# Options assignment broke through my max risk!



## investedz (19 May 2009)

Hi guys,

This is based on a US option trade, but just wondering if it happens here in our Commsecs and eTrades.

So here it goes:

About a month ago, I opened a bear call spread position on GOOG (google), anticipating a bear trend on the stock. The credit trade consisted of a short May 380 call, and a long May 390 call (for a credit of 5 points).

As the days went by closer to expiration date, the stock price rose against my bearish outlook.

However this didn't phase me, I already knew my max risk. By expiration the trade was out of the money, and I would have accepted my max loss of 5 points.

Then Monday came, and as it turns out, the stock closed on Friday @ EXACTLY 390.

This means that although the short call was exercised at 380, the long call I had expired worthless. I was now sitting on 100 short stocks!

To top that off, I was margin called during the weekend (how convenient), so my short shares were placed on market order, GOOG opened up this morning @ 394 ...

So there goes my max risk out the window. Went from 5 points to 9 points!

Had GOOG opened up at 400+.... I would have been in deep deep trouble.

So as it turns out, the long options that are supposed to cover our short options aren't so protective at all!

Anyone have any insight on this?


----------



## cutz (19 May 2009)

Yeah, 

This phenomenon is call pin risk, the stock closes at exactly the strike and assignment may or may not happen, it can happen with any broker. 

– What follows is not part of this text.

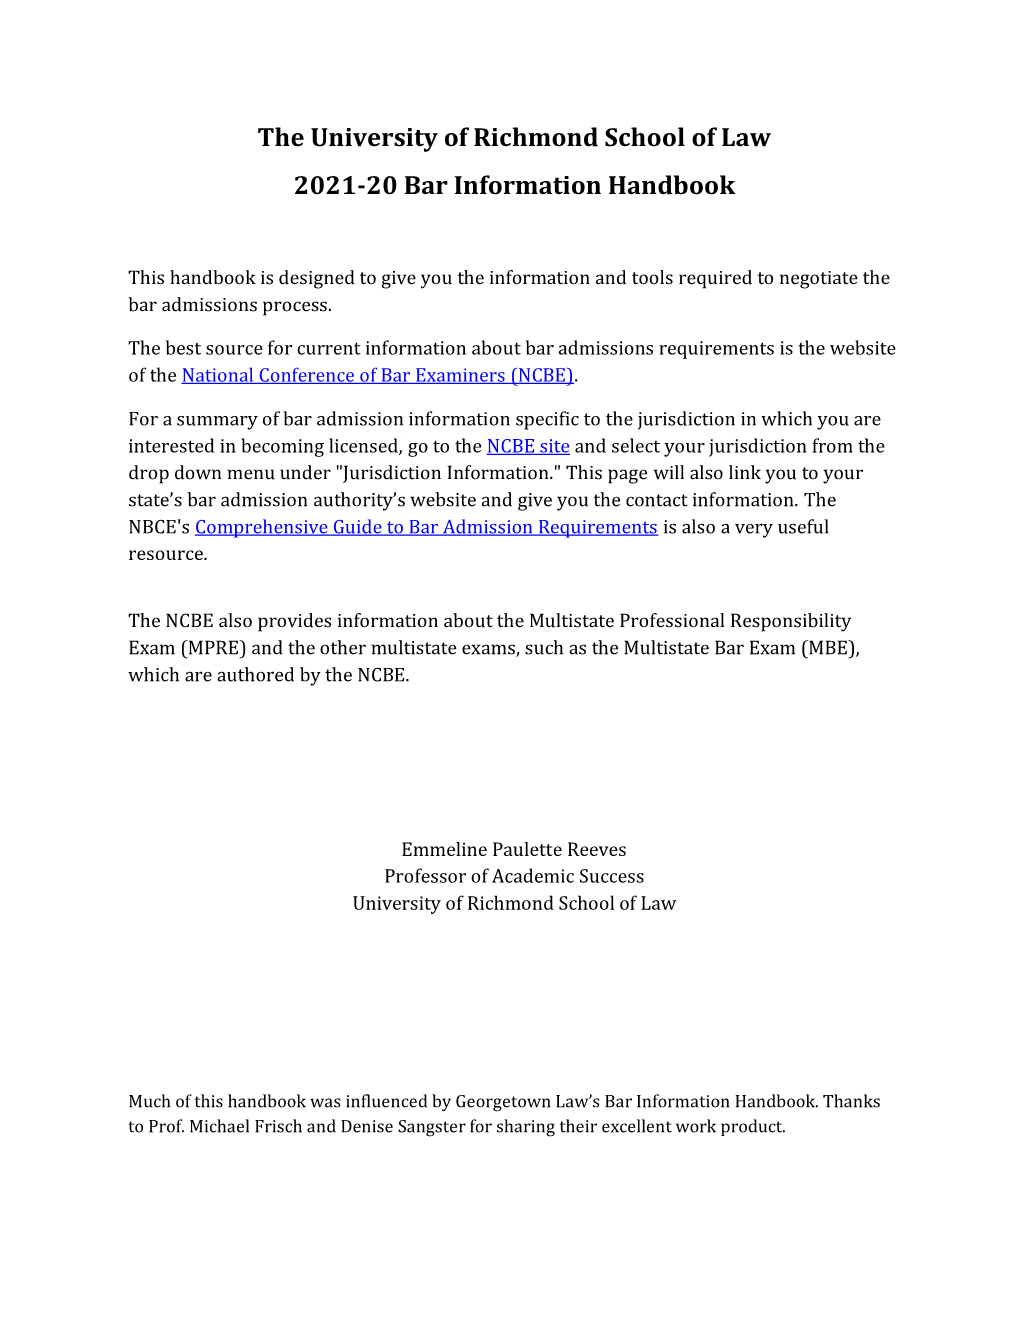 The University of Richmond School of Law 2020-21 Bar Information Handbook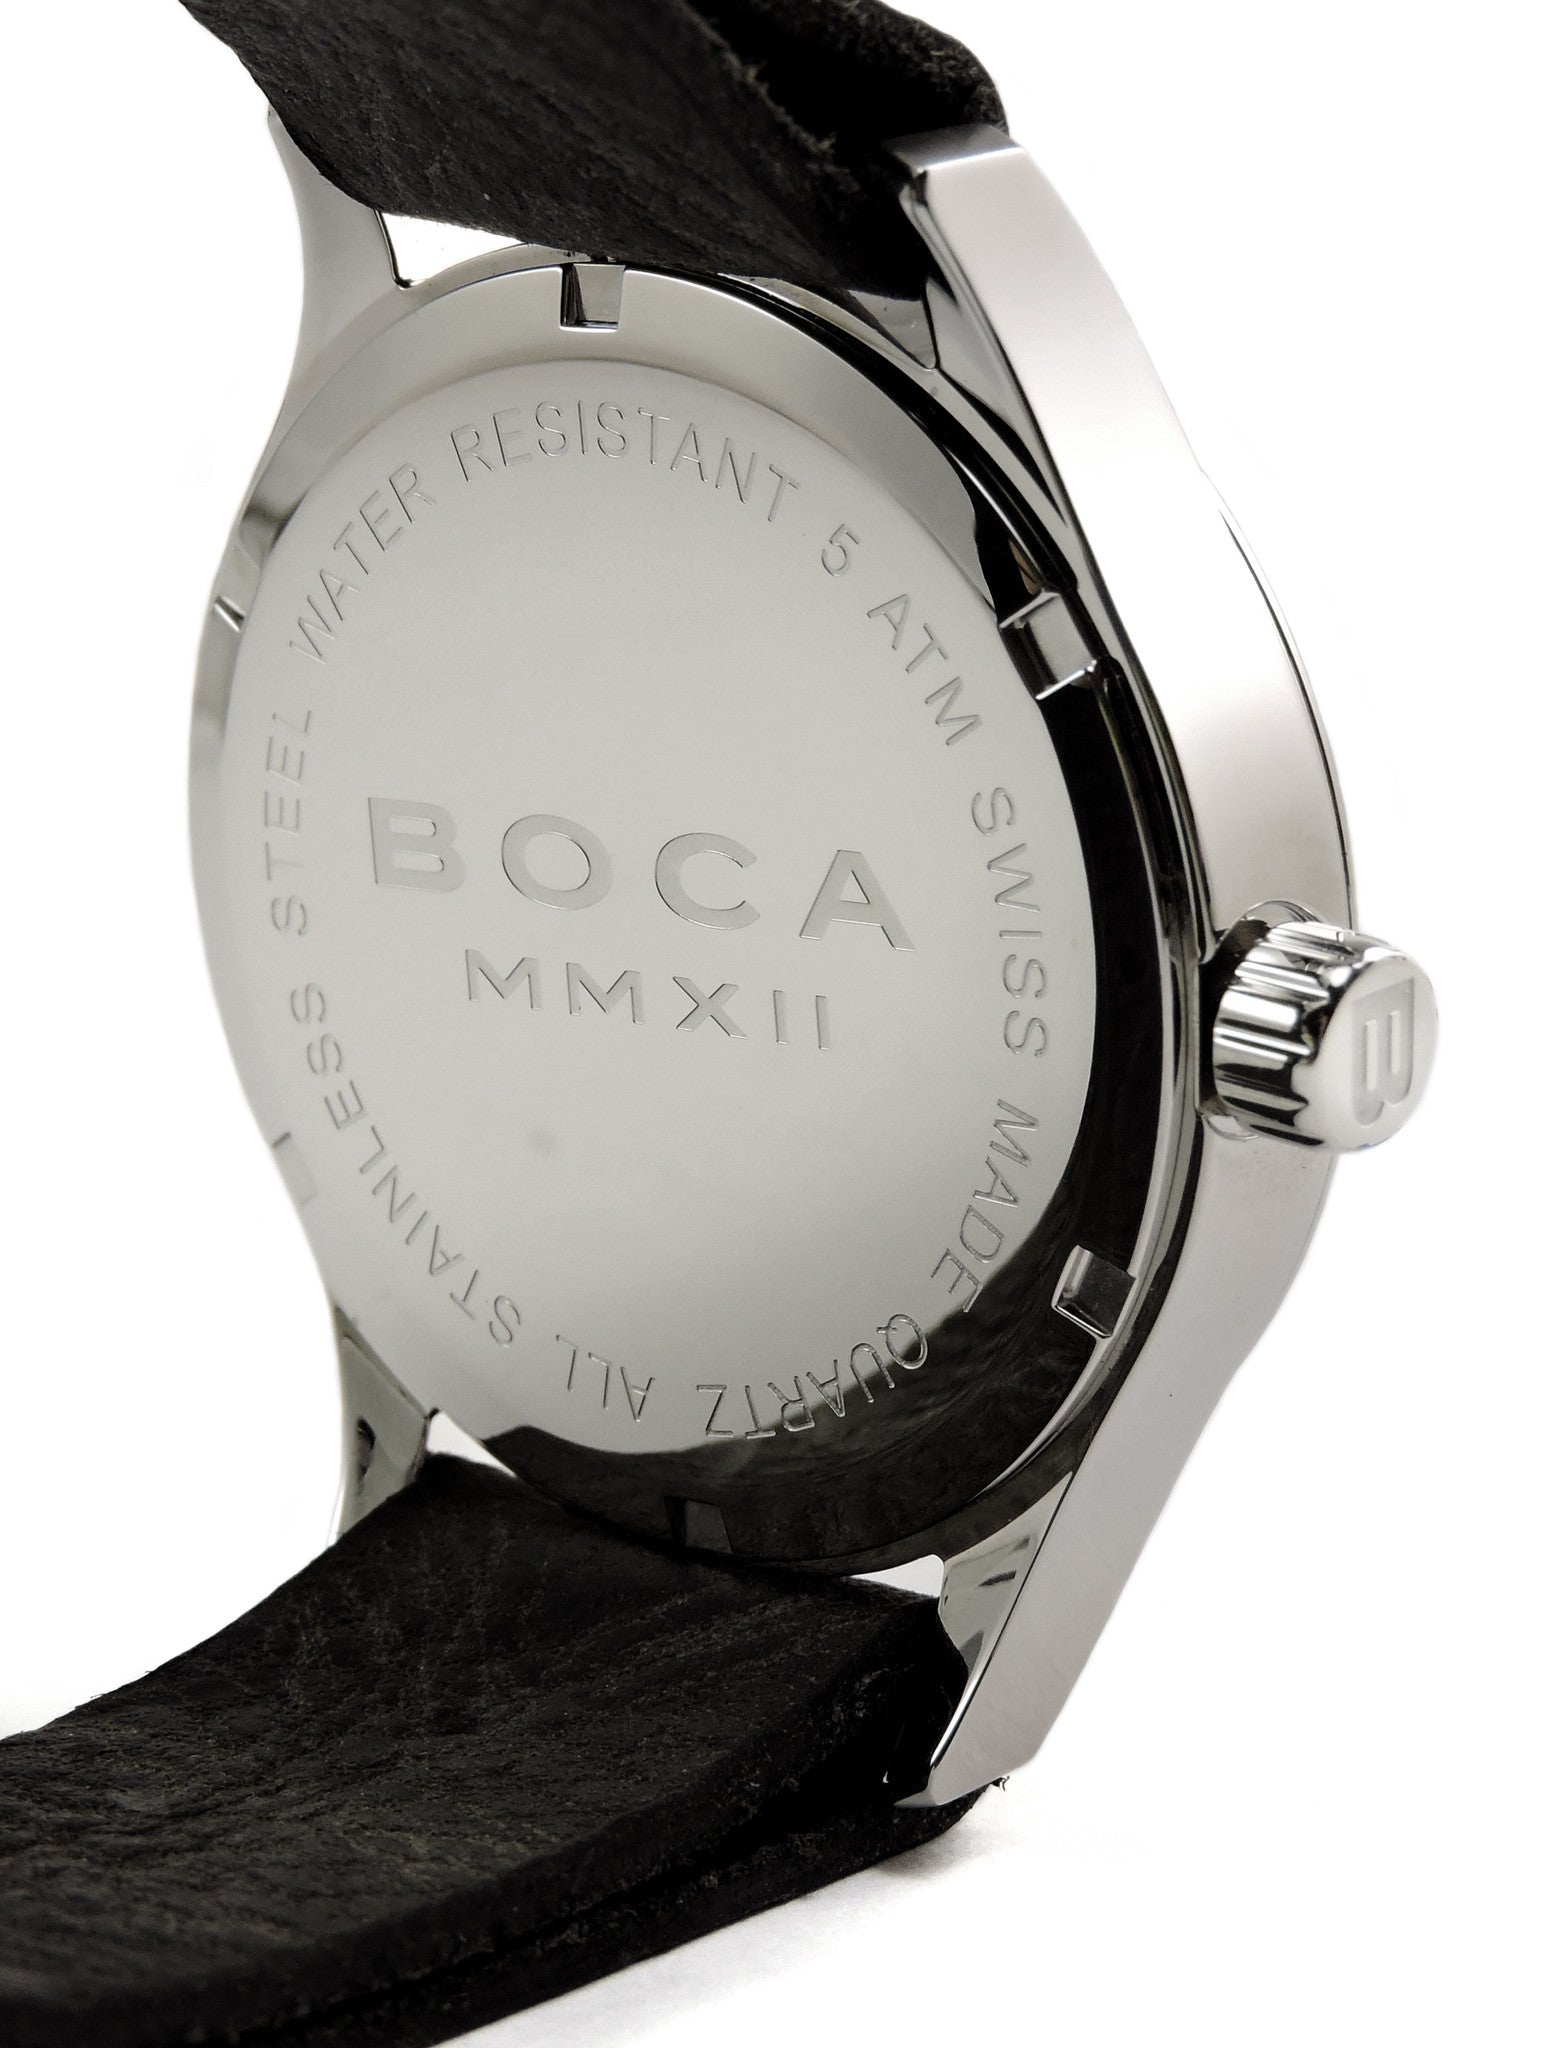 Primero Black - Night Blue Wristband - BOCA MMXII - Official website

Assignment it’s outside of the brokers hands, it’s actually a random selection by the options clearing house. (random in the sense that if open interest was 1000 and the stock was pinned to the strike but only 100 contracts were exercised. One would assume that all ITM options are assigned so that wouldn't be so random)


----------



## jackson8 (19 May 2009)

investedz said:


> Hi guys,
> 
> This is based on a US option trade, but just wondering if it happens here in our Commsecs and eTrades.
> 
> ...





hi
most op traders never let their positions go to expiration, they will close out especially in your case to avoid the pin risk of being excercised. we dont want the stock only the premiums received from the shorts

or you could have rolled the shorts out and up to the next month or two and purchased insurance and do it all over again, would have lessened your profit and you dont mention how many contracts so in reality may not have been worth it to do this and would then be hoping for a down move for this to work.

also us. brokers have a reputation of not leaving much room to move when it comes to ex and margin , pays to understand their ex and assig and margin req. policies in depth

gary


----------



## sails (19 May 2009)

Hi Investedz,

So sorry to hear of your painful learning experience.  Yes, it is pretty much another option gotcha and not always taught in option education.  It is something that happens at expiry and has been discussed on ASF previously - it may have even been in the "Option Gotcha's" thread - I can't remember now.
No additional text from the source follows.